Umesh Kacha Sat, 12 Sep 2015 13:56:37 -0700

Hi Richard, thanks much for the reply. If I dont create threads job runs
too slow since I have thousand jobs or thousand hive partitions directory
to process. hiveContext.sql(...) runs fine and creates output as I expected
do I need to call any action method really? Job works fine as expected I am
just hitting physical memory limit and YARN kills executor I saw it in YARN
logs. I believe because of group by queries lots shuffle data moves around
and creates mess.
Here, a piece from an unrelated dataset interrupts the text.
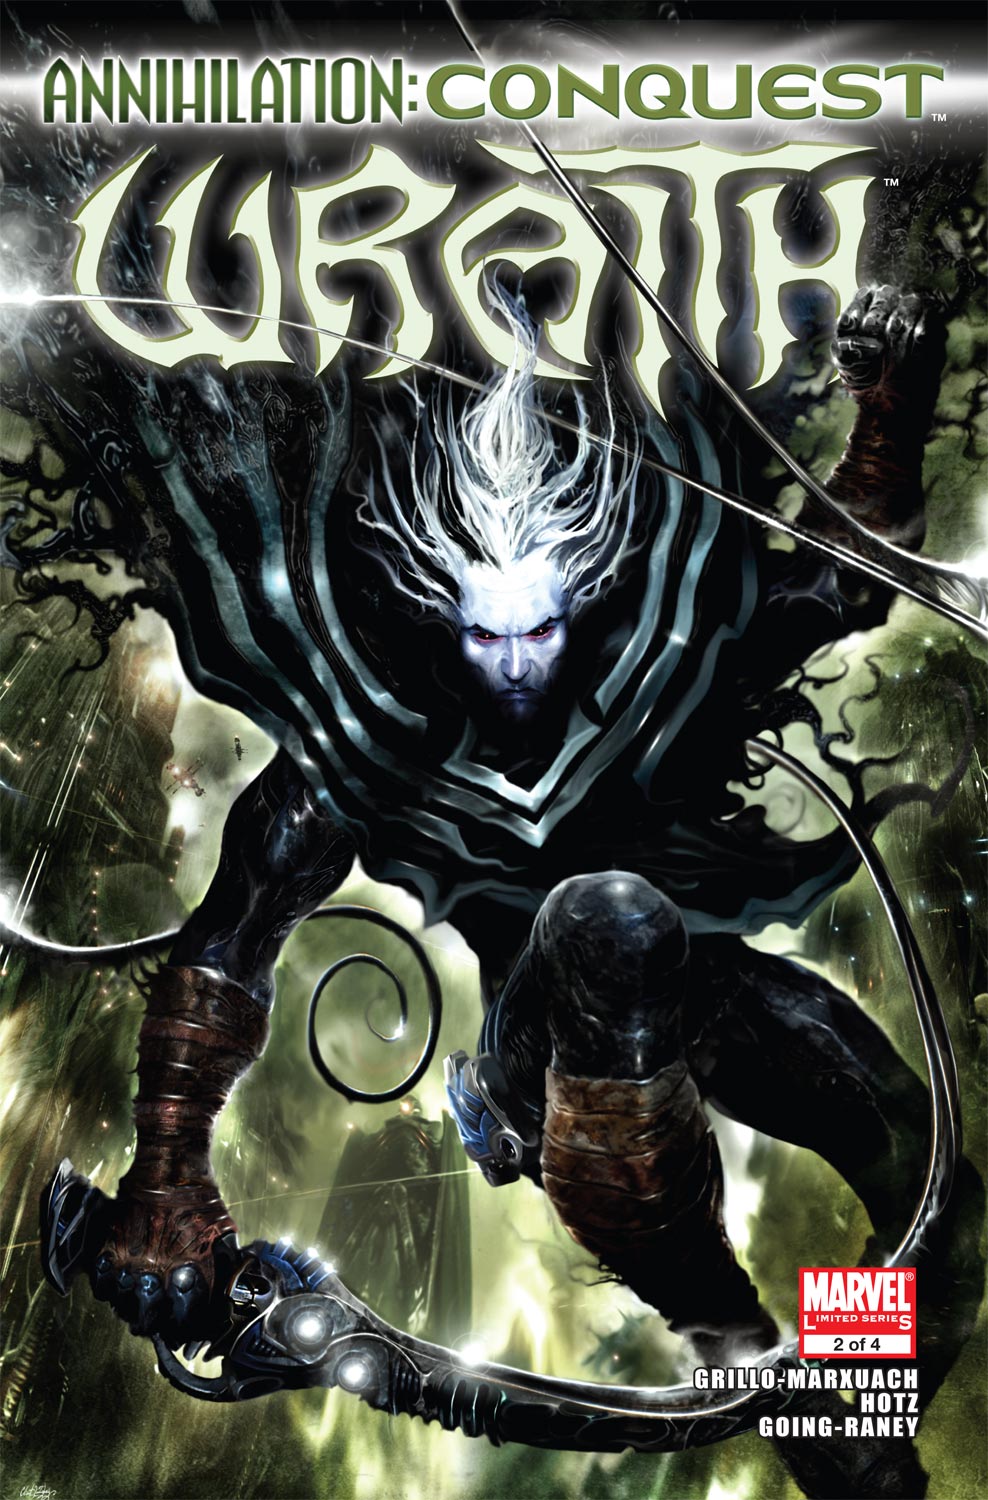 Annihilation: Conquest - Wraith (2007) #2

Please guide.


On Sun, Sep 13, 2015 at 2:09 AM, Richard W. Eggert II <
richard.egg...@gmail.com> wrote:

> Without a stack trace, I can't say for certain what is causing your
> OutOfMemoryError, but I do see a number of problems with your code.
>
> First of all, given that Spark is a parallel processing framework, it is
> almost never necessary to manually create a thread pool within the driver.
> You should instead chain together some RDDs and let Spark parallelize the
> work on the cluster for you.
>
> Secondly, unless I'm mistaken, SQLContext.sql (which HiveContext inherits)
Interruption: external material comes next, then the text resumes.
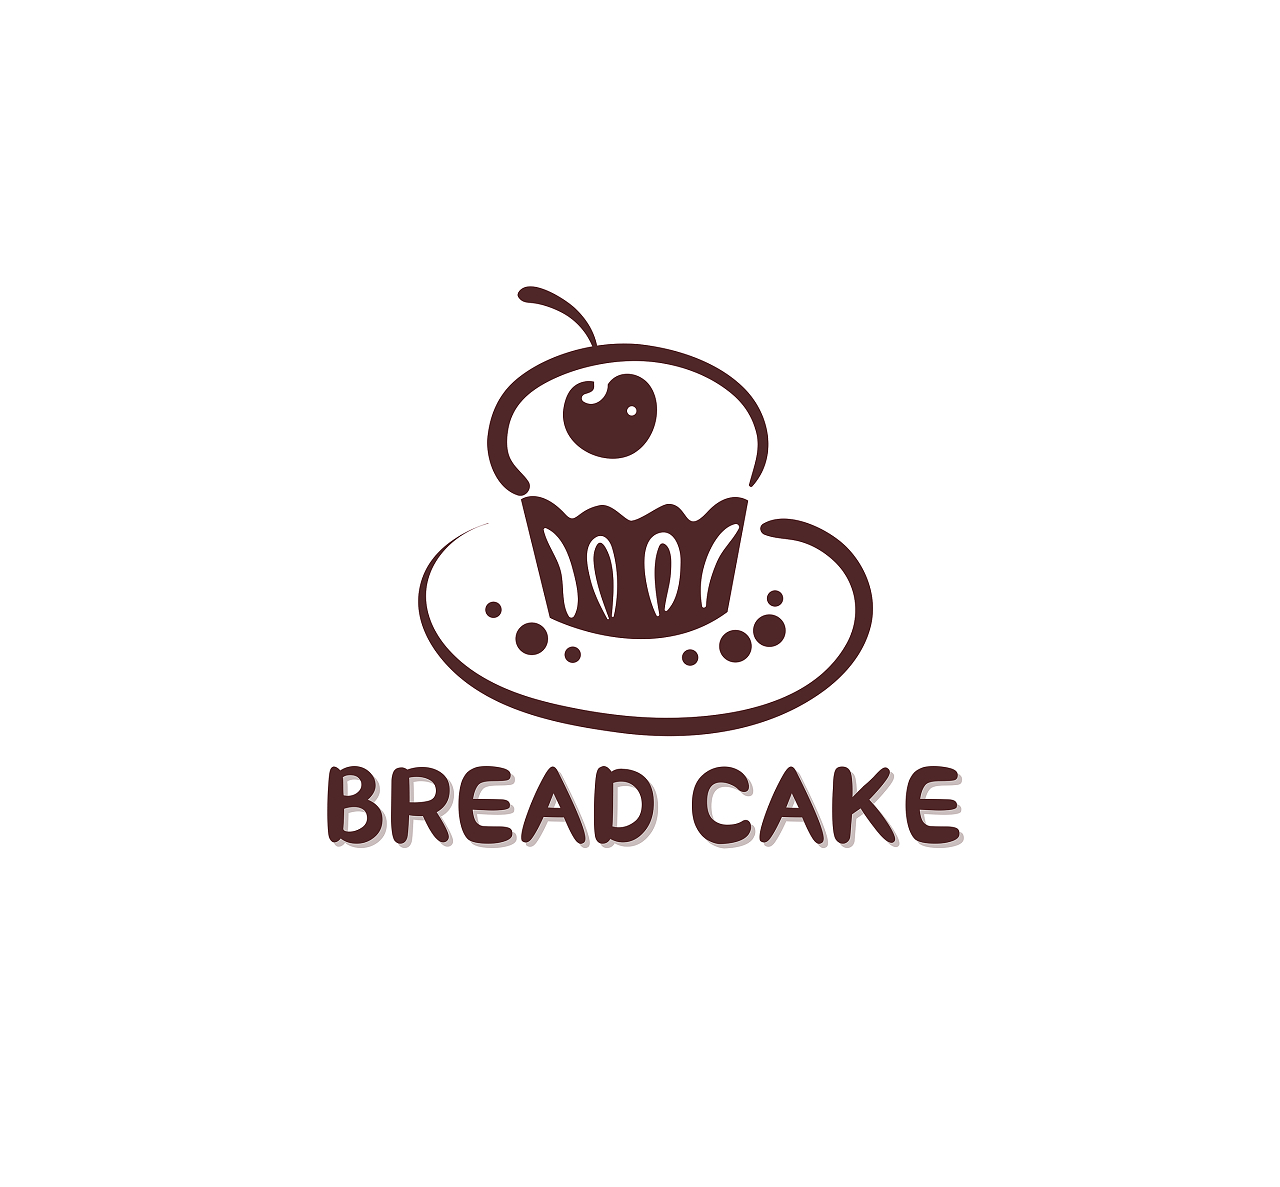 棕色手绘BREAD CAKE烘焙面包logo蛋糕logo

> does not actually execute your SQL query. It just creates a DataFrame that
> represents the query. You have to invoke one of DataFrame's "action"
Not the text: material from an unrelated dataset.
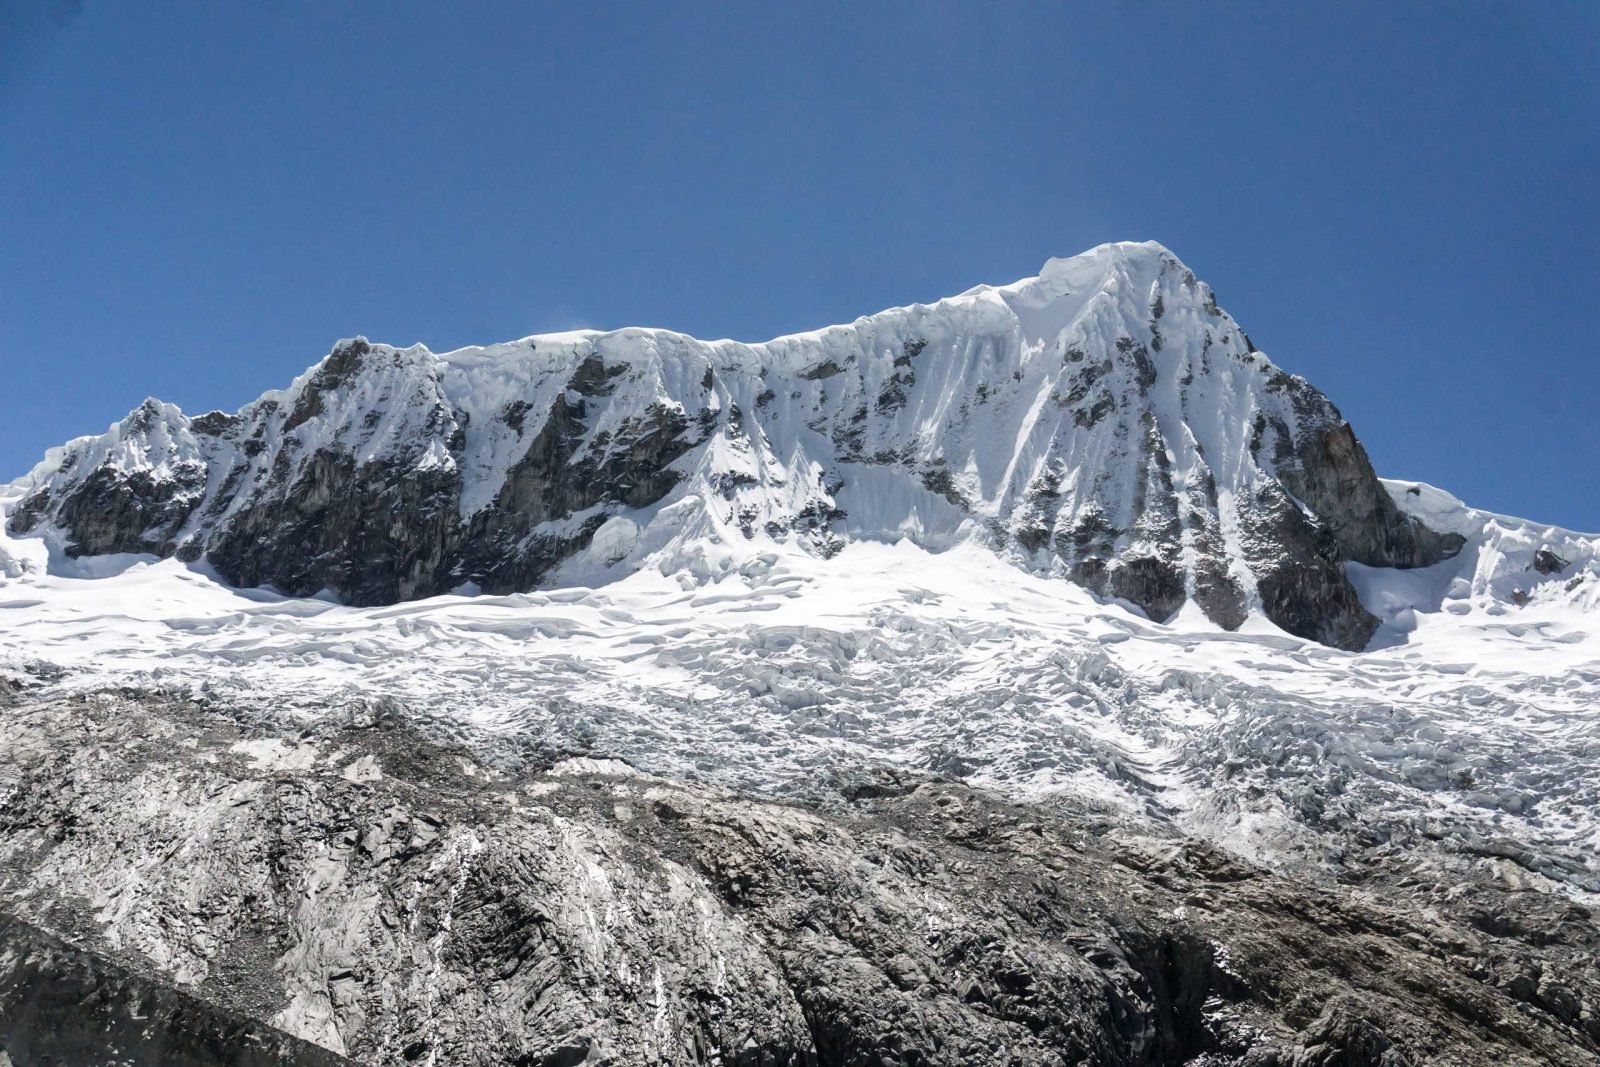 The summit of Mount Pisco, Peru.

> methods (such as count, collect, foreach, or saveAsTextFile) to cause Spark
> to create a job to actually execute the query. The documentation is
> admittedly a bit vague and misleading about this, however.
>
> Rich
>
> On September 12, 2015, at 3:52 PM, unk1102 <umesh.ka...@gmail.com> wrote:
>
> Hi I have the following Spark driver program/job which reads ORC files
> (i.e.
> hive partitions as HDFS directories) process them in DataFrame and use them
> as table in hiveContext.sql(). Job runs fine it gives correct results but
> it
> hits physical memory limit after one hour or so and YARN kills executor and
> things gets slower and slower. Please see the following code and help me
> identify problem. I created 20 Threads from driver program and spawn them.
> Thread logic contains lambda function which gets executed on executors.
> Please guide I am new to Spark. Thanks much.
>
>   public class DataSpark {
>
>         public static final Map<String,String> dMap = new
> LinkedHashMap<>();
>
>         public static final String[] colNameArr = new String[]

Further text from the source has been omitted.